Si prosegue con riforma universitaria Casati che ha determinato
il passaggio dell’istruzione
da un fatto privato o religioso a servizio pubblico, si va
avanti poi con la figura di Cesare Lombroso sino alla nascita della Direzione
generale di Sanità del 1888, emanazione del ministero dell’interno, che di
fatto sancisce il passaggio dell’assistenza sanitaria ad una funzione anche
questa pubblica. E’ di questo periodo l’istituzione del medico “condotto”,
condotto perché trasportato e pagato dai comuni per assistere i poveri e i
bisognosi. I problemi di salute che deve affrontare all’interno della propria
comunità sono innumerevoli e riguardano molto spesso le condizioni igieniche
generali ambientali e sociali, sulle quali il nostro medico condotto può in teoria far
molto, in quanto quasi sempre anche Ufficiale Sanitario, ma praticamente pochissimo
può fare: come è possibile, infatti, intervenire
sullo stato di malnutrizione generale, sulla pellagra, sulla mancanza di
fognature, sulla salubrità dell’edilizia scolastica o dell’ambiente di lavoro
degli operai? Ed è nel vedere quelle condizioni di vita quasi disumane che ti
senti prendere da quelle sensazioni interiori di difficile definizione: gli
occhioni neri di un viso triste di un bambino, lo sguardo rassegnato di un
vecchio, la miseria, la disperazione di chi ha fame sono immagini che evocano
stupore, emozione e dolore. Si va avanti con la prima guerra mondiale e il
ruolo essenziale che hanno avuto i nostri dottori. Il ventennio fascista che
pur perdendosi tra retorica e propaganda, ha molto tutelato la maternità e
l’infanzia e ha inferto discreti colpi alla malaria e alla tubercolosi. La
seconda guerra mondiale, il periodo postbellico con la ricostruzione e lo sviluppo
economico degli anni ’60, la crescita dell’Ospedale come centro di cura e
diagnosi e lo spostamento a suo favore dell’asse di interesse e di investimento
culturale ed economico. La medicina della mutua. La medicina tecnologica, la
chimica farmaceutica, l’ingegneria applicata alla medicina e alla biologia…...

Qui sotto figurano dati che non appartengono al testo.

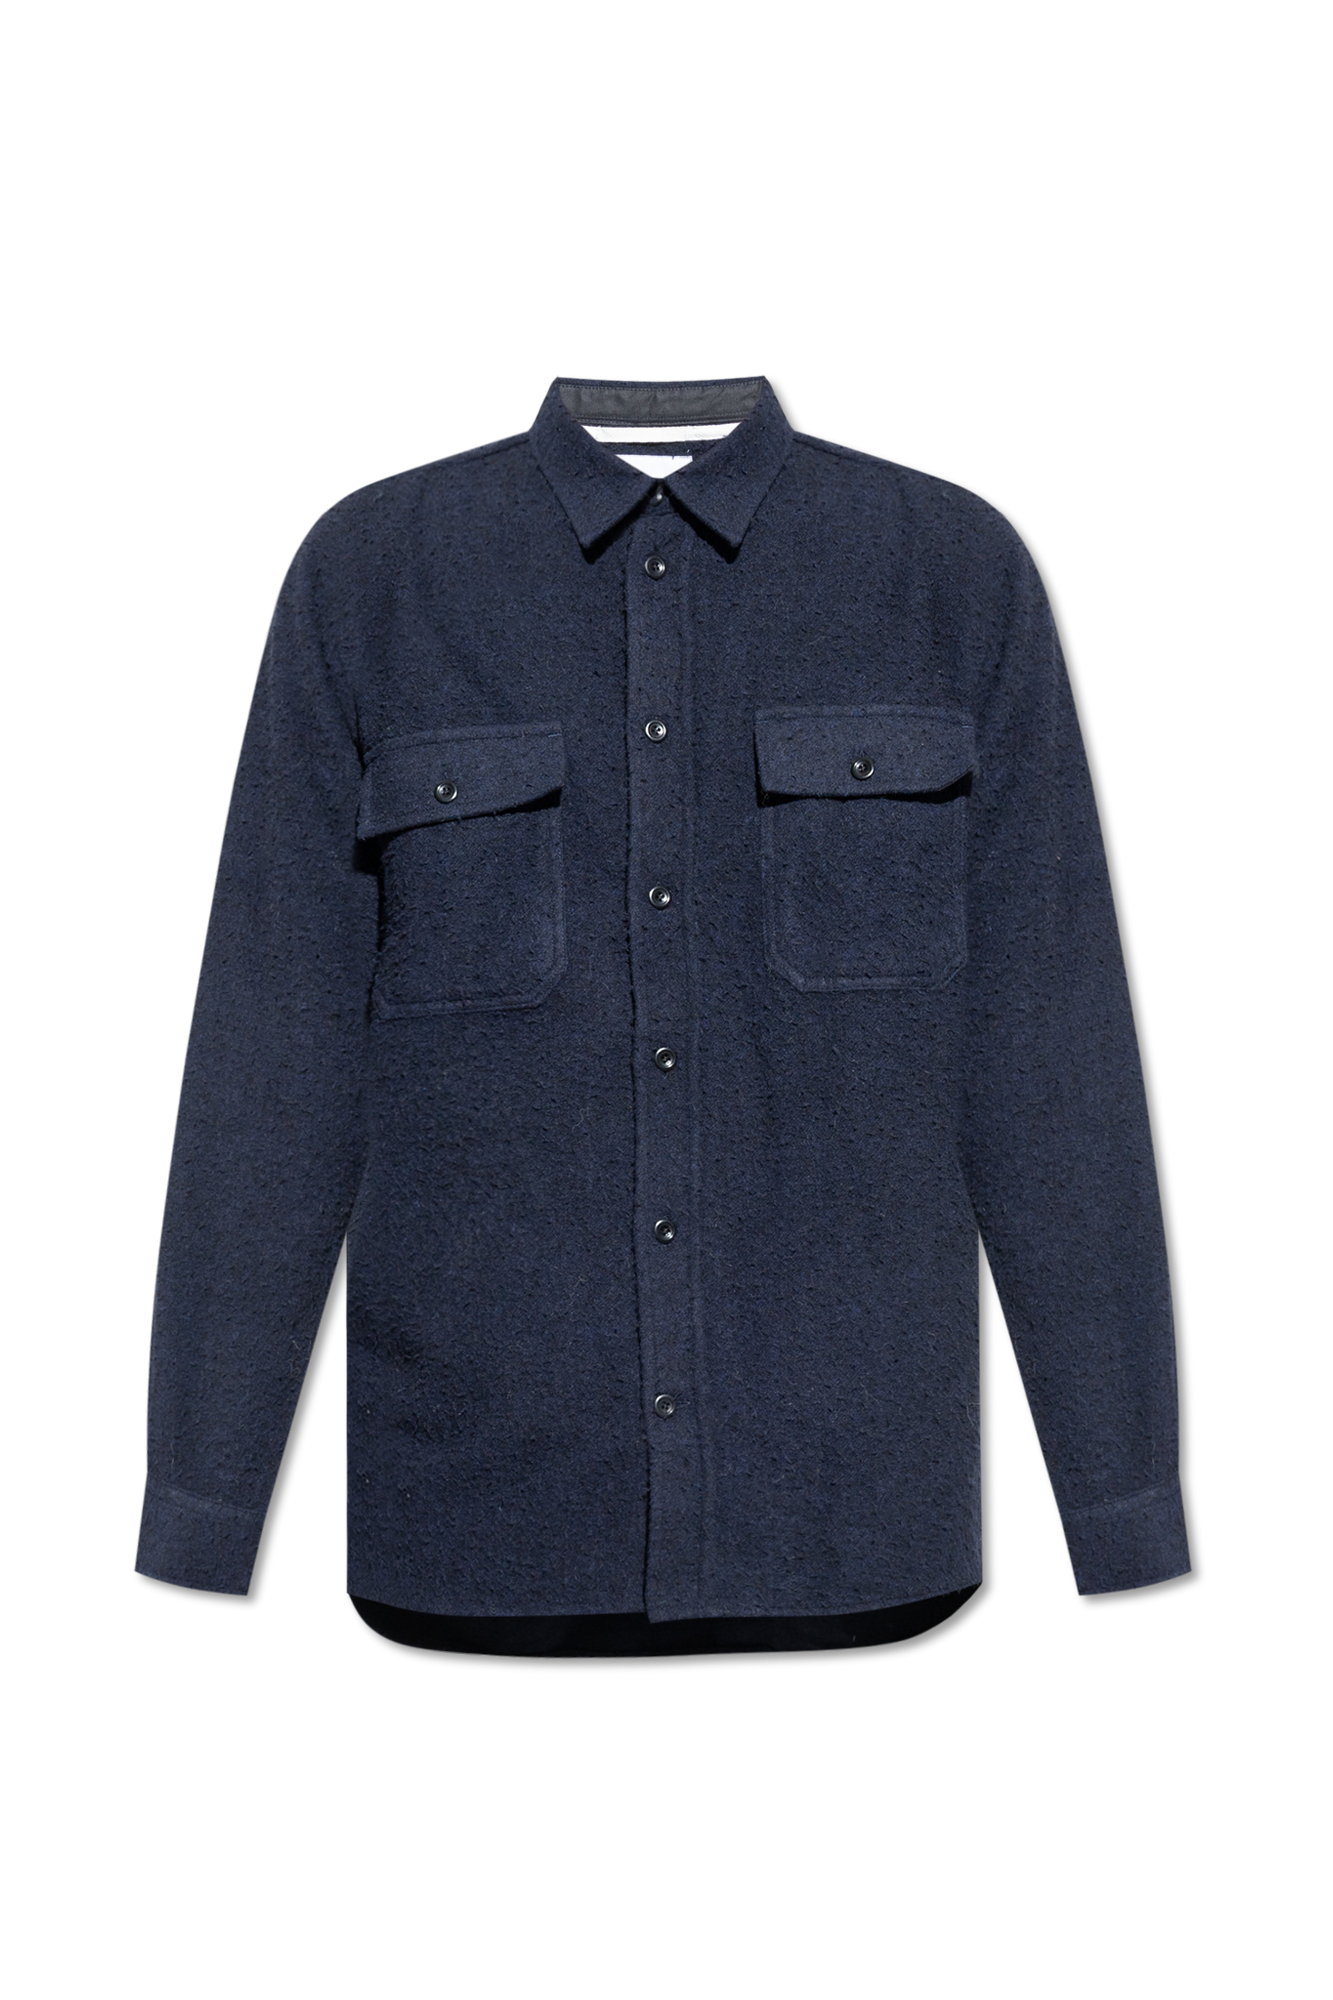 Norse Projects ‘Silas’ jacket | Men's Clothing | Vitkac

viene in pratica ripercorsa tutta la storia dell’assistenza sanitaria italiana
dalle origini sino ai giorni nostri, rilevando come dopo cento anni se pure in
un contesto ed una cornice completamente diversi il medico ed il paziente
provano alla fine lo stesso senso di smarrimento e di preoccupazione. Allora era la mancanza di mezzi e la scarsità
delle informazioni, oggi paradossalmente è l’opposto: troppi mezzi che rimandano
a una deriva tecnocratica e troppe informazioni che comportano il rischio di
una medicalizzazione della società. Ecco quindi che quel volto di bambino
sofferente d’inizio novecento assume le sembianze di un bambino di adesso,
magari con un videogioco in mano, ma con gli stessi occhioni tristi di un bimbo che soffre. La sofferenza, la
rassegnazione, il dolore sono sempre gli stessi, non hanno una connotazione od
una data, fanno parte della vita da sempre o forse sono la vita da sempre. E’ da
quelle immagini, da quei filmati d’epoca che riprendono le azioni di un medico con
il cilindro e i baffoni all’umbertina che ho rivisto ognuno di noi….. in quanto
come diceva Benedetto Croce “…ogni storia è storia contemporanea, perché, per
remoti e remotissimi che sembrino cronologicamente i fatti che vi entrano ,
essa è, in realtà, storia sempre riferita al bisogno e alla situazione
presente, nella quale quei fatti propagano le loro vibrazioni….”( La storia
come pensiero e come azione).
Sono convinto che quelle vibrazioni abbiano raggiunto tutta
la platea, appena terminata, infatti, la proiezione del documentario, alcuni
secondi di silenzio assoluto hanno fatto molto più rumore dell’applauso che è
seguito; qualcuno aveva gli occhi lucidi, molti erano completamente assorti nei
propri pensieri come il sottoscritto. Non ne avevo la consapevolezza in quel
momento, ma quelle immagini, quel filmato avevano suscitato tanta emozione
perché avevano ricordato la dimensione storica della nostro professione, quella
dimensione che è spesso soffocata
dalla problematica contingente fatta di fretta, ripetitività,
burocrazia, noia ed insofferenza. Nella nostra storia il nostro senso?